In order to check if a file is a duplicate of another, you need to check it agai...

kstrauser · on Feb 25, 2025

I understand the concept. My main point is that it's probably not a huge advantage to store hashes of the first 1KB, which requires CPU to calculate, over just the raw bytes, which requires storage. There's a tradeoff either way.

I don't think it would be far more efficient to do hash the entire contents though. If you have a million files storing a terabyte of data, the 2 stage comparison would read at most 1GB (1 million * 1KB) of data, and less for smaller files. If you do a comparison of the whole hashed contents, you have to read the entire 1TB. There are a hundred confounding variables, for sure. I don't think you could confidently estimate which would be more efficient without a lot of experimenting.

philsnow · on Feb 25, 2025

If you're going to keep partial hashes in memory, may as well align it on whatever boundary is the minimal block/sector size that your drives give back to you. Hashing (say) 8kB takes less time than it takes to fetch it from SSD (much less disk), so if you only used the first 1kB, you'd (eventually) need to re-fetch the same block to calculate the hash for the rest of the bytes in that block.

... okay, so as long as you always feed chunks of data into your hash in the same deterministic order, it doesn't matter for the sake of correctness what that order is or even if you process some bytes multiple times. You could hash the first 1kB, then the second-through-last disk blocks, then the entire first disk block again (double-hashing the first 1kB) and it would still tell you whether two files are identical.
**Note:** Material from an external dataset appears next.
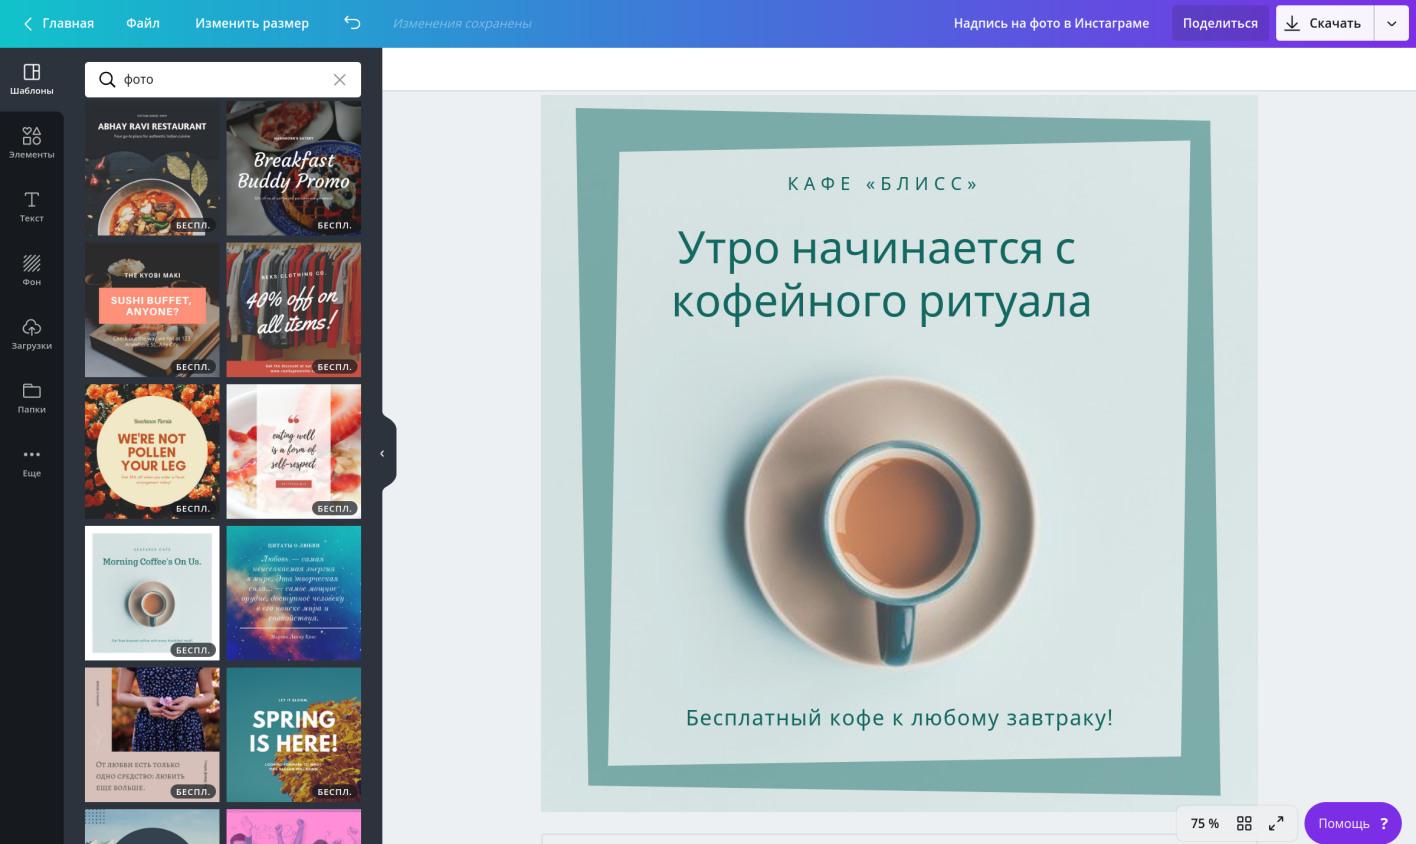 Добавление текста на фото для Инстаграма в редакторе на русском языке Canva

If you're reading from an SSD and seek times don't matter, it's in fact probable that on average a lot of files are going to differ near the start and end (file formats with a header and/or footer) more than in the middle, so maybe a good strategy is to use the first 32k and the last 32k, and then if they're still identical, continue with the middle blocks.
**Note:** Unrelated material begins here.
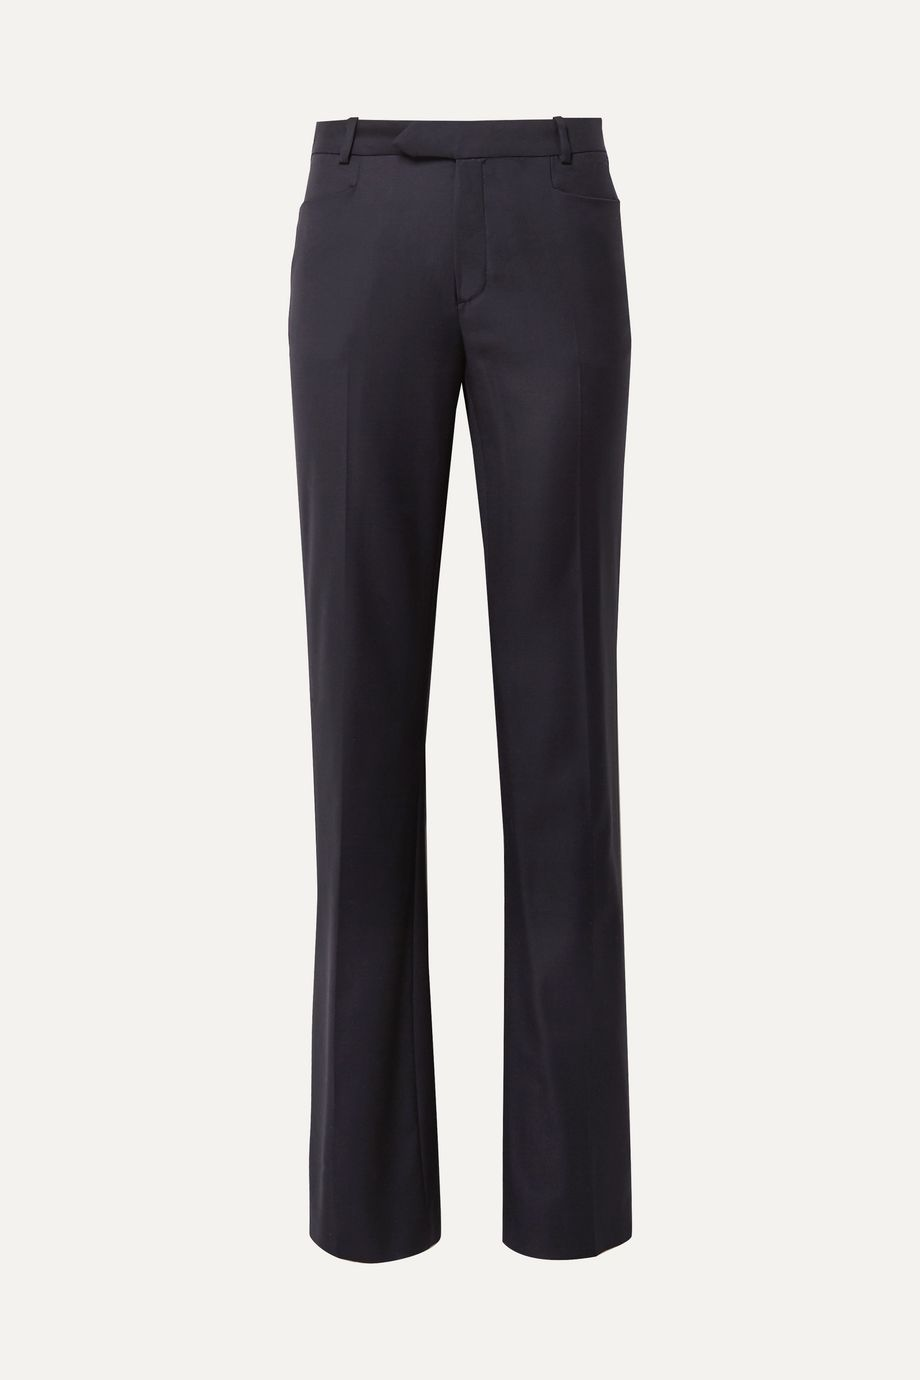 Joseph Rocker Super 100 wool-twill wide-leg pants

In memory, per-file, you can keep something like

  - the length
  - h(block[0:4])
  - h(block[0:4] | block[-5:])
  - h(block[0:4] | block[-5:] | block[4:32])
  - h(block[0:4] | block[-5:] | block[4:128])
  - ...
  - h(block[0:4] | block[-5:] | block[4:])

etc, and only calculate the latter partial hashes when there is a collision between earlier ones. If you have 10M files and none of them have the same length, you don't need to hash anything. If you have 10M files and 9M of them are copies of each other except for a metadata tweak that resides in the last handful of bytes, you don't need to read the entirety of all 10M files, just a few blocks from each.

A further refinement would be to have per-file-format hashing strategies... but then hashes wouldn't be comparable between different formats, so if you had 1M pngs, 1M zips, and 1M png-but-also-zip quine files, it gets weird. Probably not worth it to go down this road.